Mas, Sr. Presidente, quando se fizer a discussão dos orçamentos em questão, veremos então como êles estão organizados.
Os serviços dos Seguros Sociais têm ainda vindo incluídos no Ministério do Trabalho, mas porque não estão completamente em execução e ainda não tem todas as receitas próprias; e assim, não se bastando completamente, não havia possibilidade de os separar do respectivo Ministério.
Ainda, Sr. Presidente, sôbre serviços autónomos, devo informar que os serviços da Exploração do Pôrto de Lisboa estão organizados de forma a não se pedir nada ao Estado, porque têm receitas, suficientes para se bastarem.
Espera-se que o mesmo suceda com relação aos correios e telégrafos e com os caminhos, de ferro do Estado.
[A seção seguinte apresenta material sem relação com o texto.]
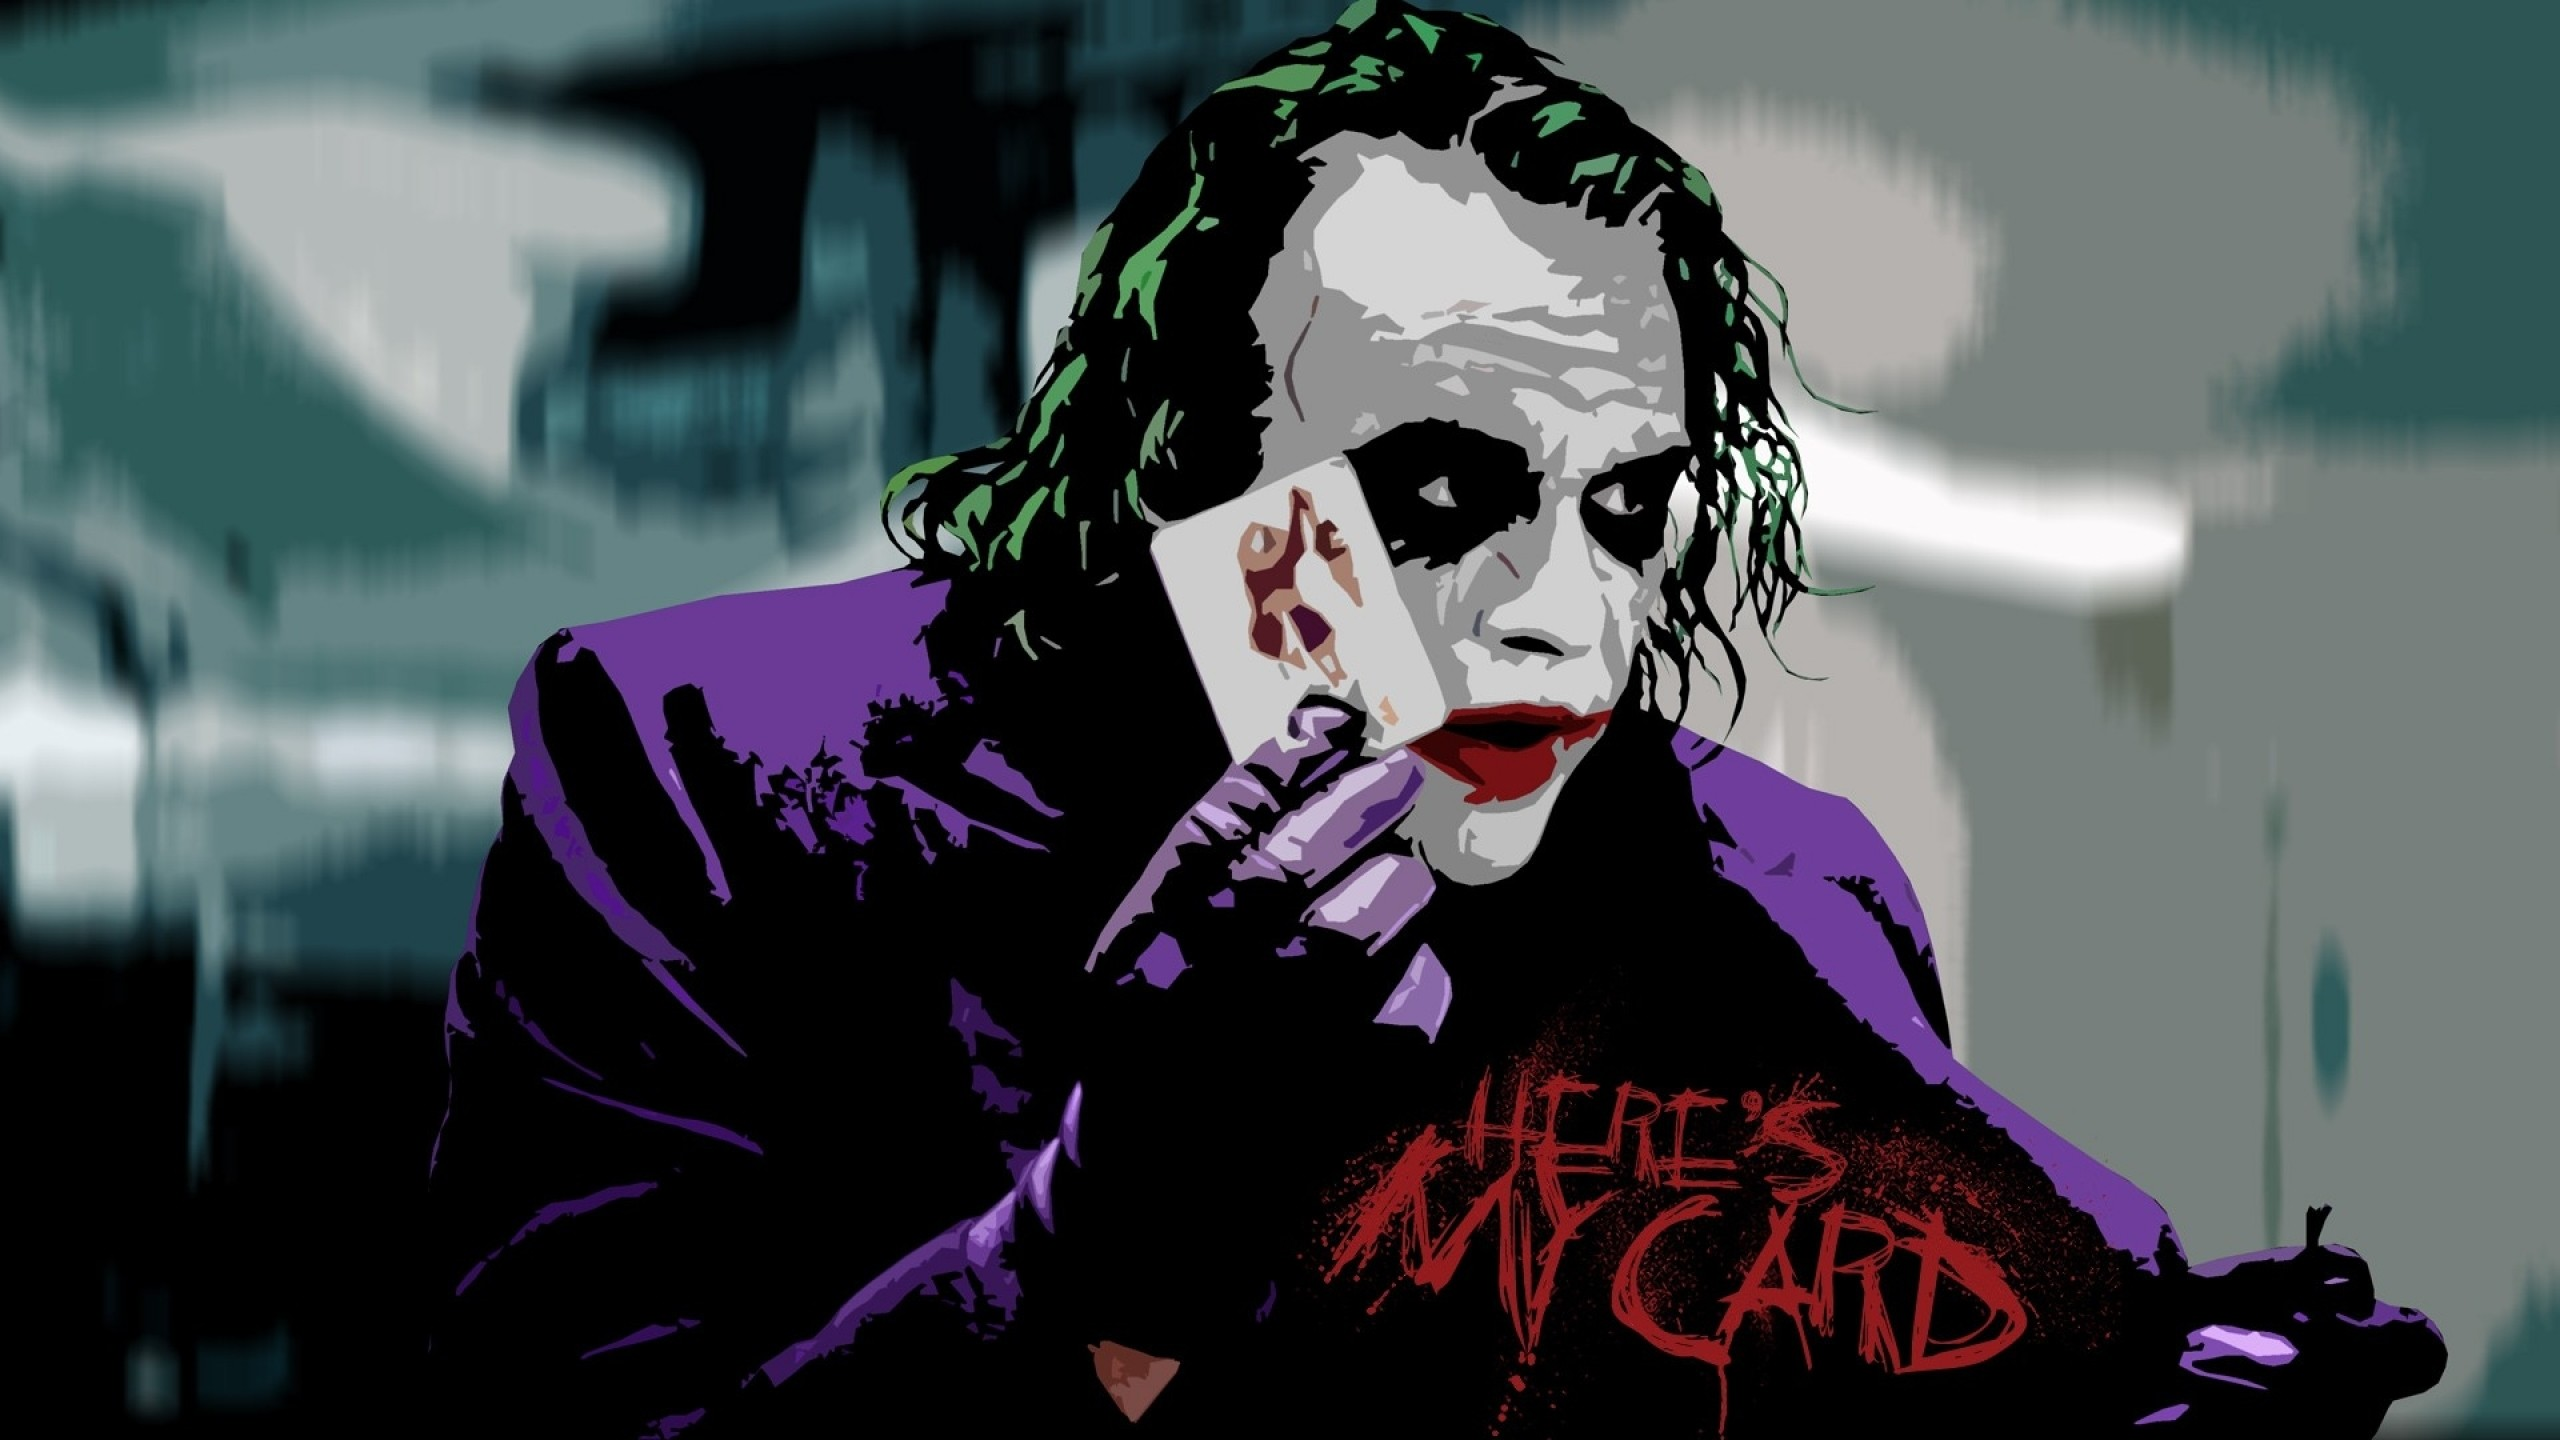 cards batman quotes the joker typography batman the dark knight 1920×1080  wallpaper Art HD Wallpaper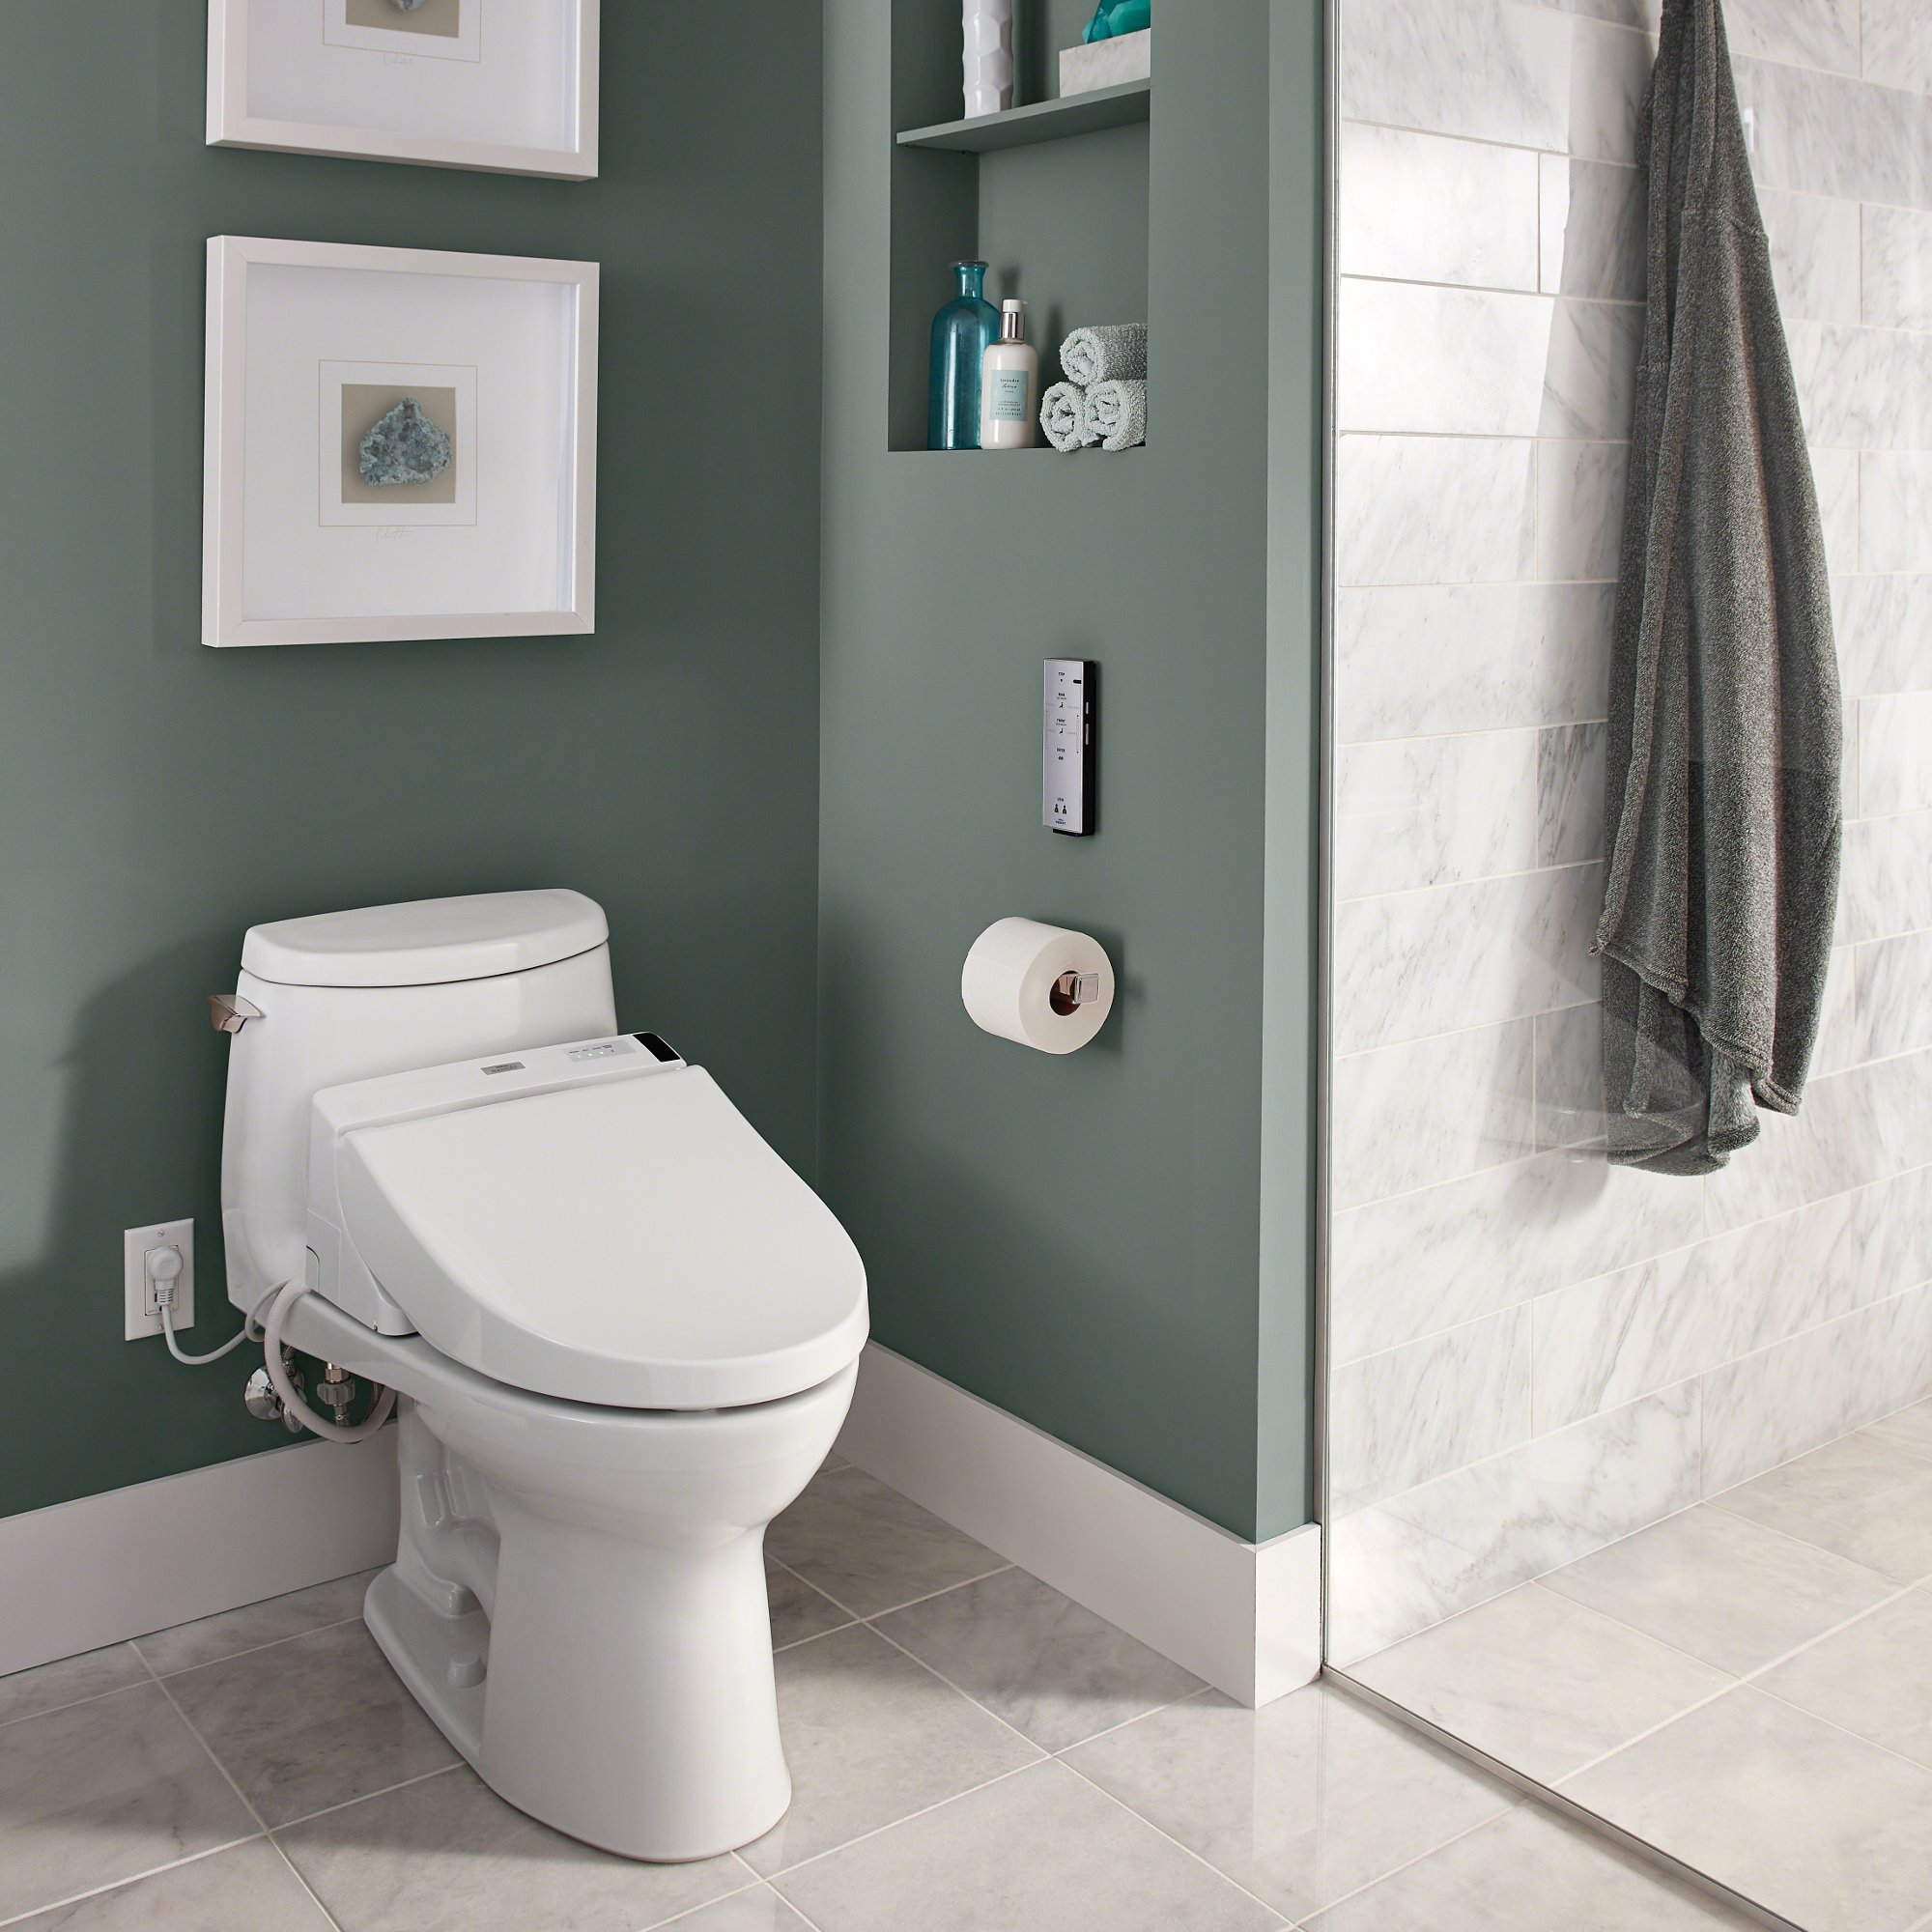 TOTO Washlet C200 Elongated Bidet Toilet Seat with PreMist, Cotton White - SW2044#01 by TOTO (Image #8)

Vamos a ver se principalmente no que diz respeito a êstes últimos serviços, podemos reduzir as despesas e melhorar as receitas.
Sr. Presidente: também na discussão do Orçamento se têm feito ataques em relação ao pão político, dizendo que só estiveram a ceder cambiais à moagem ao câmbio de 3 7/8.
Não é verdade. O câmbio não é um câmbio certo, porque senão poderia dar lucros exagerados; o que se faz é o câmbio necessário para que o trigo seja entregue às fábricas pelo preço marcado pela lei, pelo regime cerealífero, e só a primeira operação é que foi ao câmbio referido, as outras têm sido por câmbios mais elevados.
Sr. Presidente: também um dos ilustres oradores, parece-me que o Sr. Barros Queiroz, referiu-se a comissões diplomáticas, e disso que não podia concordar de forma nenhuma com o que se está passando, que o Govêrno preenchia certos cargos só para servir interêsses particulares, interêsses partidários.
Contra essa insinuação, Sr. Presidente, eu tenho de levantar daqui desta cadeira um brado, que posso levantar até em nome do meu Partido: êsse Partido não tem correligionário nenhum em qualquer missão diplomática.
Fizeram-se aqui acusações de que se estavam fazendo despesas exageradas com os nossos representantes, devido a interêsses partidários.
O Sr. Ministro dos Negócios Estrangeiros não estava presente e por isso não pôde desmentir essa acusação que é infundada.
Também durante a discussão tive ensejo de observar uma cousa: é que se pede constantemente ao Ministro que traga muitas medidas. Eu preguntarei: para quê? Para gastar papel e fazer maior despesa com. a impressão do Diário do Govêrno?
Não vejo que haja vantagem em trazer certas medidas que dizem interessar ao País, mas que ficam dormindo o sono das cousas inoportunas, não havendo maneira de virem à discussão. E, se vêm à discussão, já sabemos o que lhes sucede.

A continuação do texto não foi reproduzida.